Pediatric traumatic arrest victims have a very low survival rate. Previous studies have shown that 21% achieve initial ROSC but only 0.3% survive hospital discharge with an intact neurologic status.
A recent retrospective study examined predictors of survival for pediatric traumatic out-of-hospital cardiac arrest. Of the 362 patients included in the study, none had spontaneous circulation upon arrival in ED. BLS was initiated by EMS in the field with a mean response time of 5.4 minutes and mean transport time of 10.2 minutes. The study compared MAP, cardiac rhythm, urine output, skin color of face/trunk, initial GCS and body temperature.

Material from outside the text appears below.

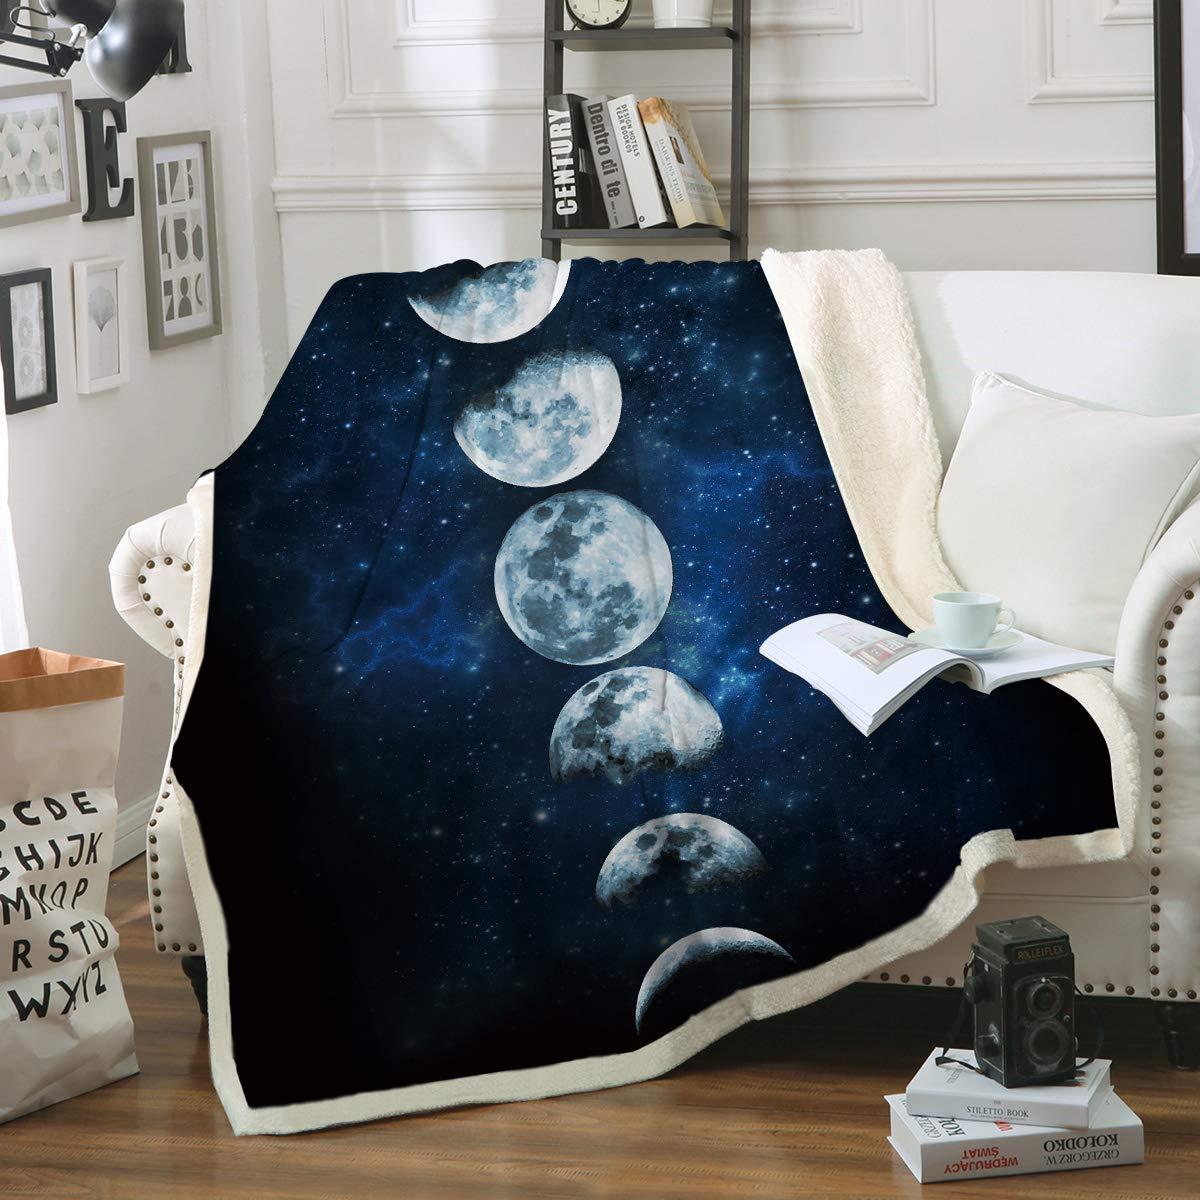 Sleepwish Lunar Eclipse Blanket Moon Phases Blanket Celestial Fleece Blanket Dark Blue Sherpa Throw Blanket College Dorm Blanket (60''x 80'')

In this study, 9% of kids made it to discharge, 11 of which had good neurologic outcome and 23 with poor neurologic outcome. Predictors of survival were:
High or normal BP
Normal heart rate after ROSC
Sinus rhythm after ROSC
Urine output >1 ml/kg/hr
Noncyanotic skin color
GCS >7 on arrival
Limitations of study: Very few kids survive with good neurologic outcome, making it difficult to identify accurate predictors for this group as the sample size is too small. Further, this study didn't look at hypothermia or ECMO as a means to achieve improved outcome.
Reference: Predictors of survival and neurologic outcomes in children with traumatic out-of-hospital cardiac arrest during the early postresuscitative period. Lin YR, Wu HP, Chen WL, et al. Journal Trauma Acute Care Surg. Sept 2013:75(3);439-447.